The oxtail soup I shied away from until I hit junior high. Then I discovered oxtails were the most tender delicious meat I’d ever eaten and the broth was rich but so flavorful. Years later, I made oxtail soup for my “at the time boyfriend.” I overheard him telling a friend that he had to marry me because of my oxtail soup.

“How can she make something so amazing out of !!#!??”

I discovered this recipe in one of my great-grandmother’s cookbooks that she published in the early 1900s and sold to Ladies’ church auxiliaries across the country. It’s my dream to bring the little cookbooks back to life. Great-grandmother Nellie’s recipe is not how I cook oxtail soup, but it’s the same general principle.

My dad’s side of the family had some oddball dishes too. Christmas meant Lutefisk and fish head stew. I could not get myself to stop staring at the eyeballs staring up at me from the stew. It definitely killed my appetite.

If you haven’t heard of Lutefisk this is from Wikipedia:

Lutefisk is prepared as a seafood dish of several Nordic countries.

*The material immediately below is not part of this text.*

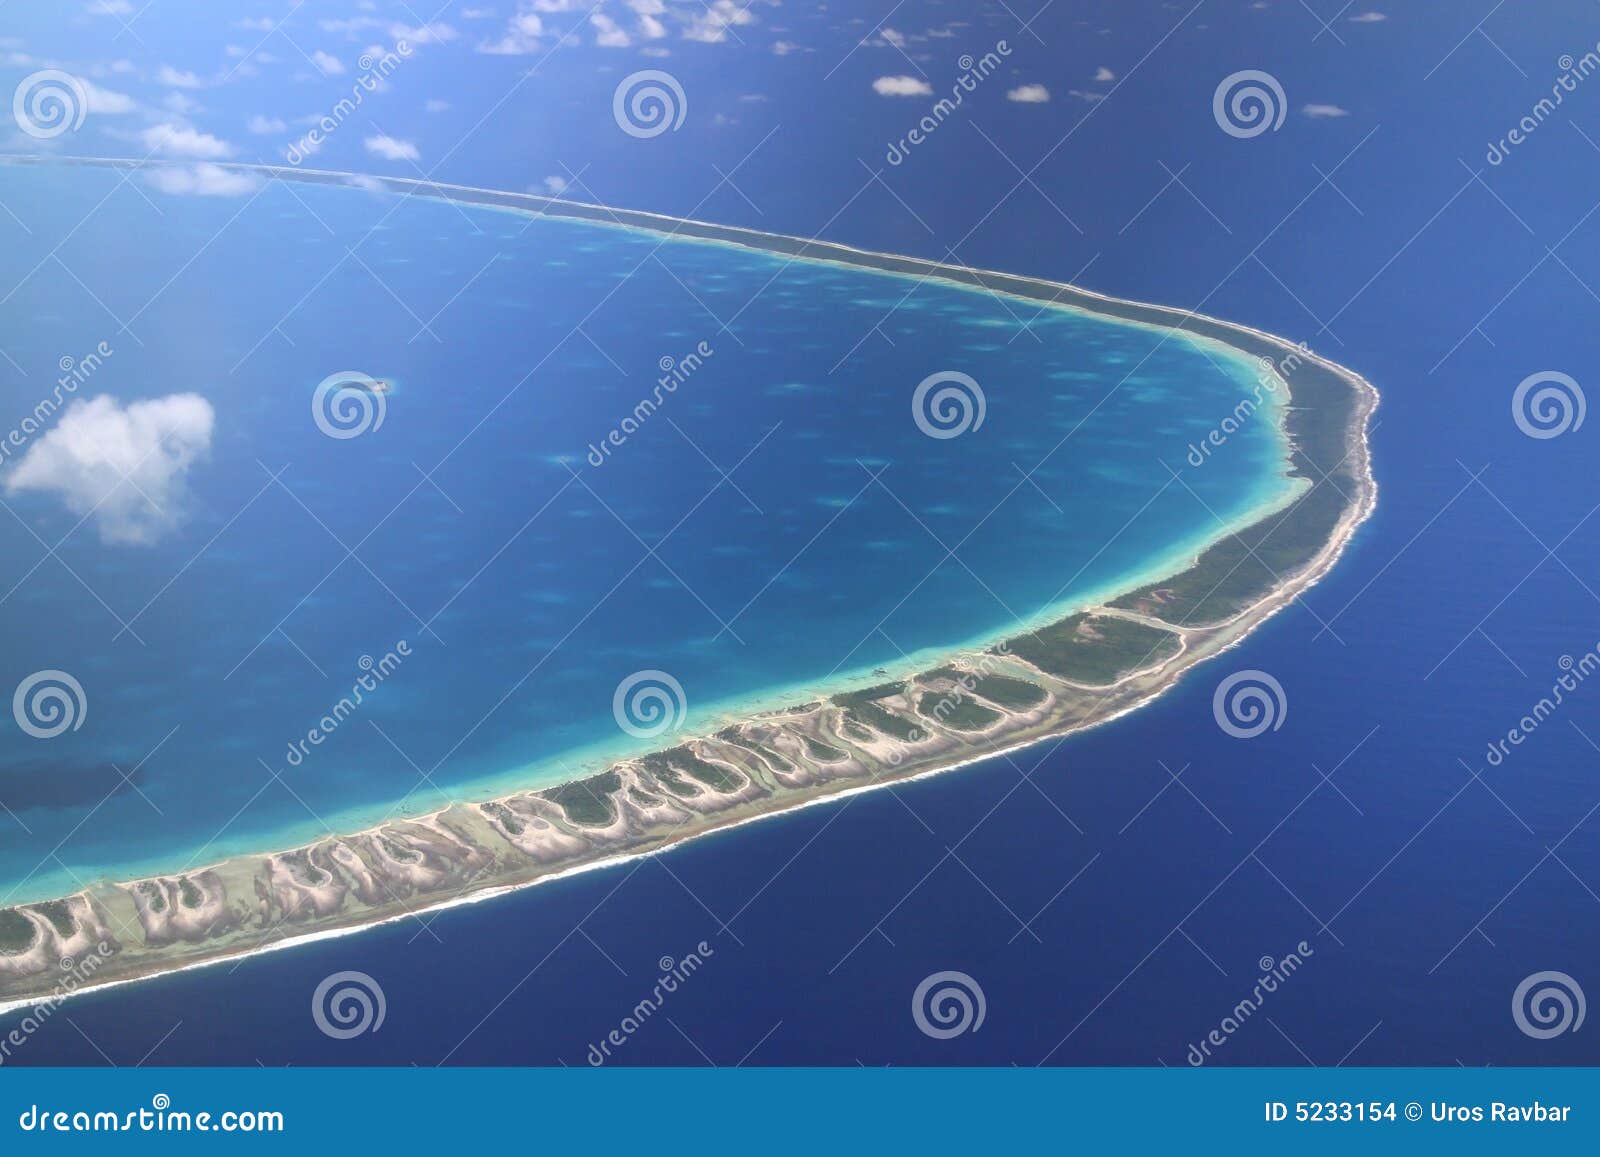 pacific atoll rangiroa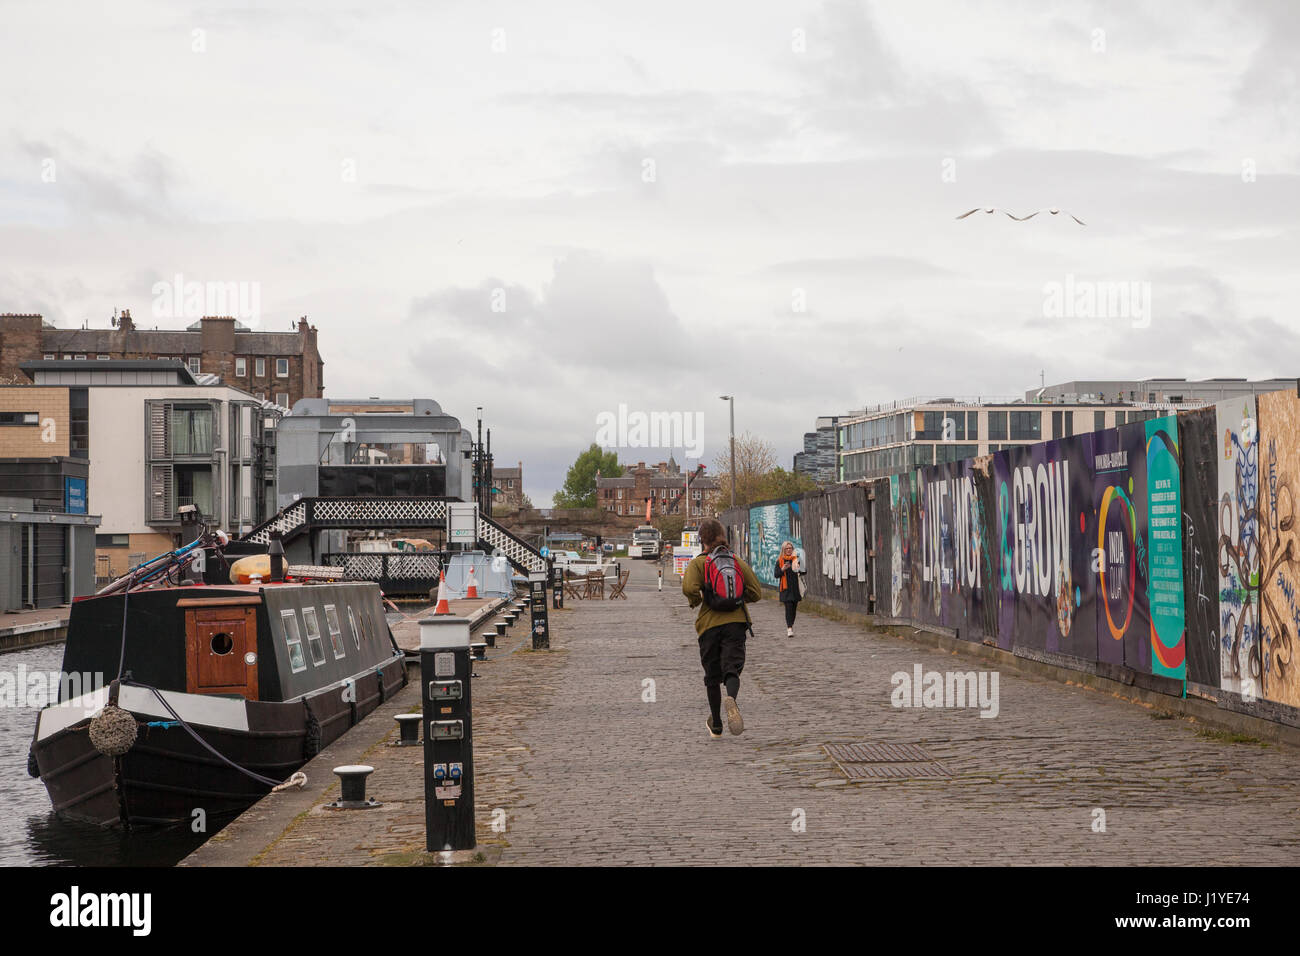 Homme qui court à côté de Union canal près de croix sans frais à Édimbourg, Écosse, Royaume-Uni, Angleterre. Météo : temps couvert avec éclaircies Banque D'Images

It is traditionally part of the Christmas feast; Norwegian julebord and Swedish julbord, as well as the similar Finnish joulupöytä.

 Finnishlipeäkala [ˈlipeæˌkɑlɑ]; literally “lye fish”) is dried whitefish (normally cod, but ling and burbot are also used). It is made from aged stockfish (air-dried whitefish), or dried and salted cod, pickled in lye. It is gelatinous in texture after being rehydrated for days prior to eating.

Besides the recipes I mentioned, my mom also served us canned Chef Boyardee ravioli, Swanson’s TV dinners, Space Food Sticks and Tang.

What are some of the foods you grew up with? Did your family cook anything odd?